What is expected ▸
Every line of the listing must be reproduced as it stands. Leave the images behind.

Data block ▸
[Start of Attachment]

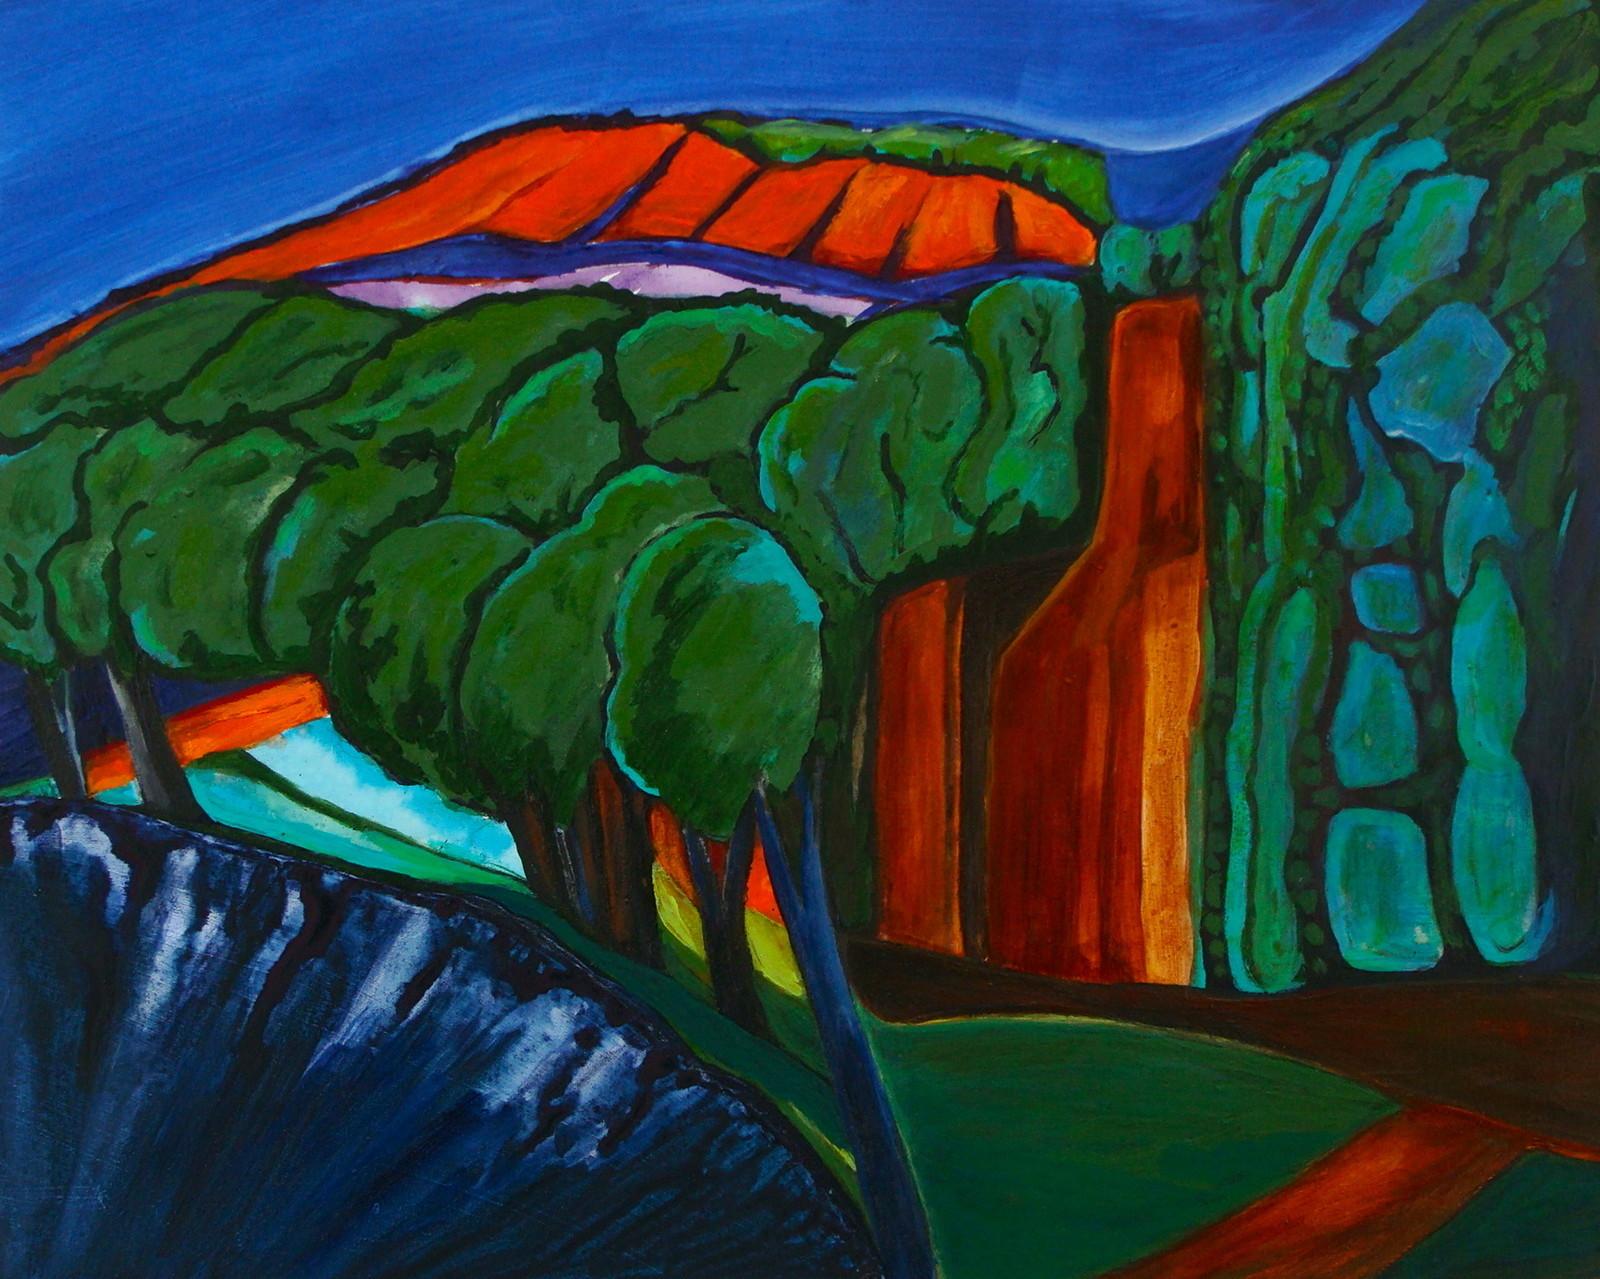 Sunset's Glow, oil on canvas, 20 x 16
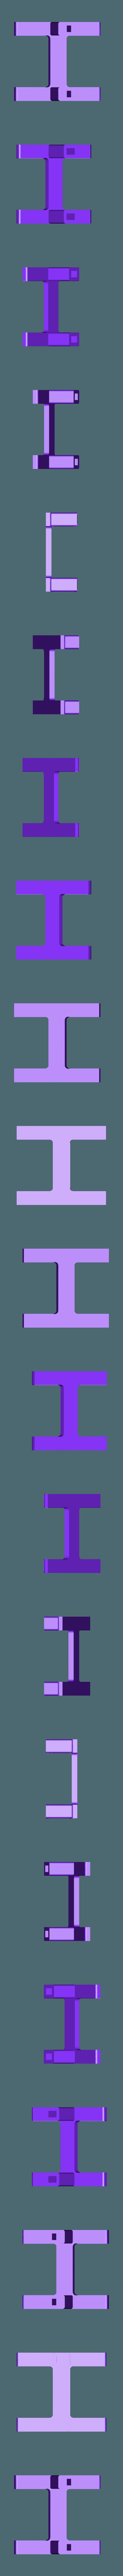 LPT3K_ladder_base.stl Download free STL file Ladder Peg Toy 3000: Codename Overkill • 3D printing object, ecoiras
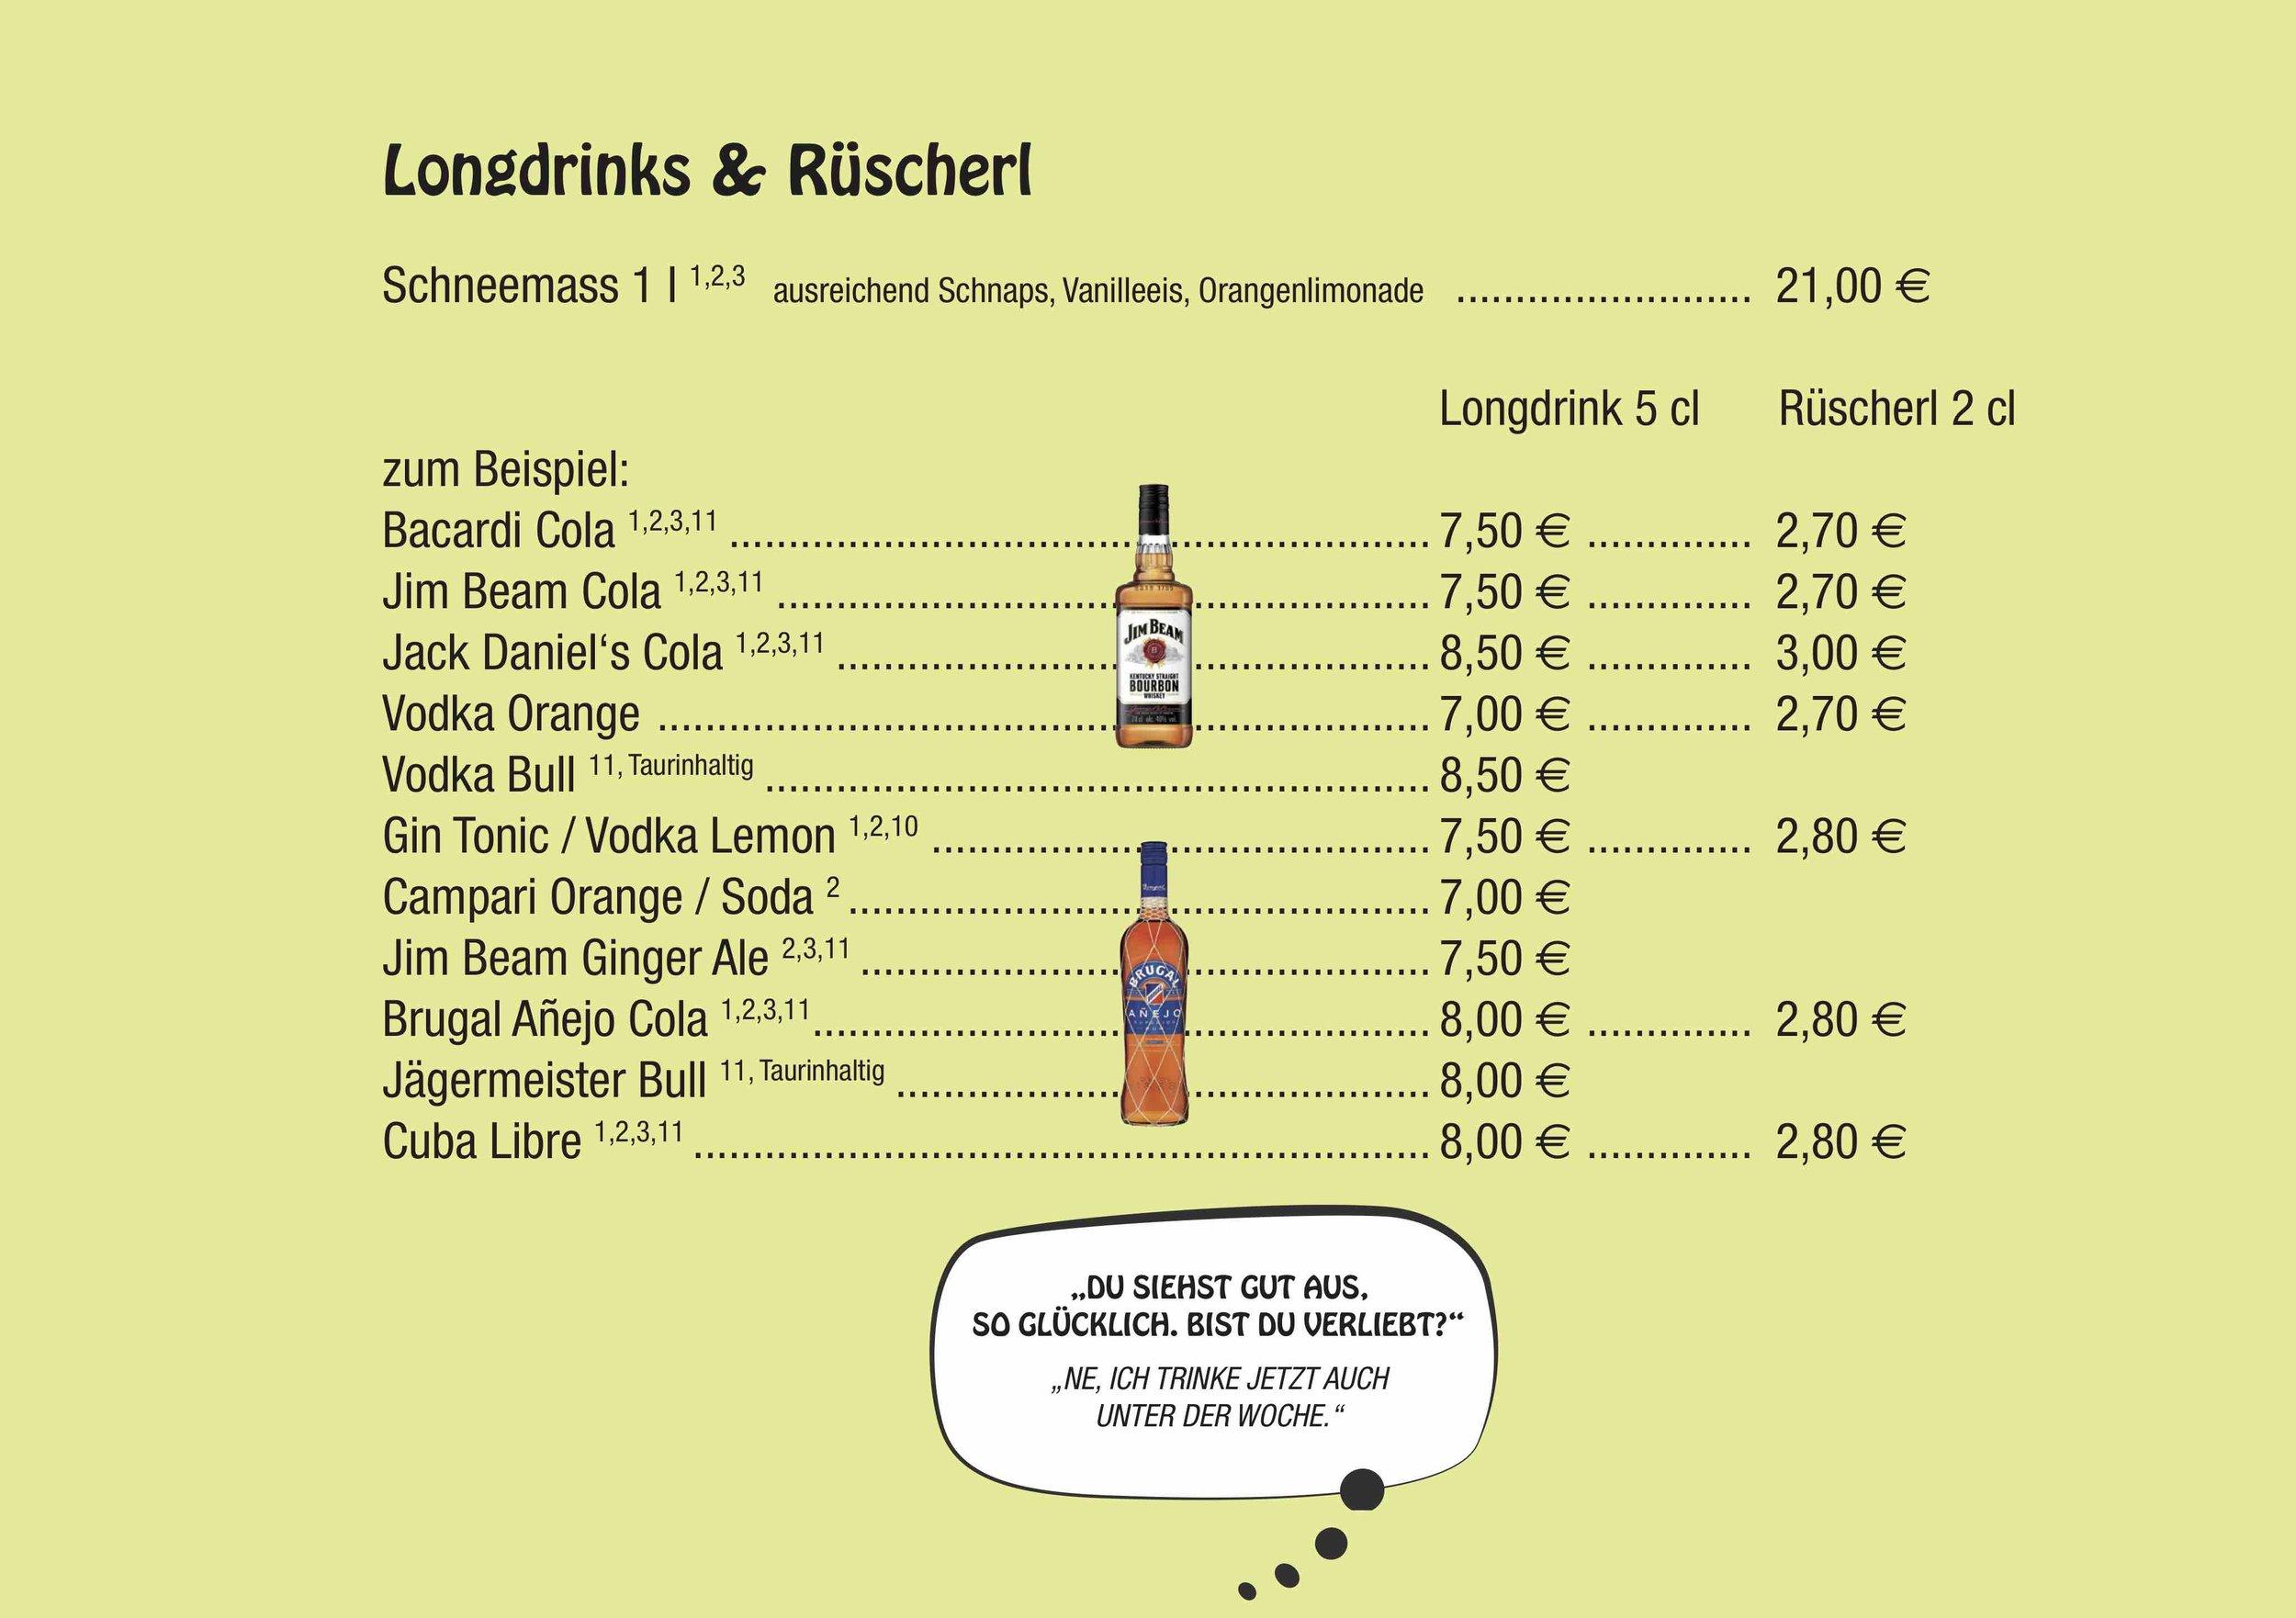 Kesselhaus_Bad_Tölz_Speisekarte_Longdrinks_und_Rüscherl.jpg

[End of Attachment]

Response box ▸
 Sunset's Glow, oil on canvas, 20 x 16
 LPT3K_ladder_base.stl Download free STL file Ladder Peg Toy 3000: Codename Overkill • 3D printing object, ecoiras
 Kesselhaus_Bad_Tölz_Speisekarte_Longdrinks_und_Rüscherl.jpg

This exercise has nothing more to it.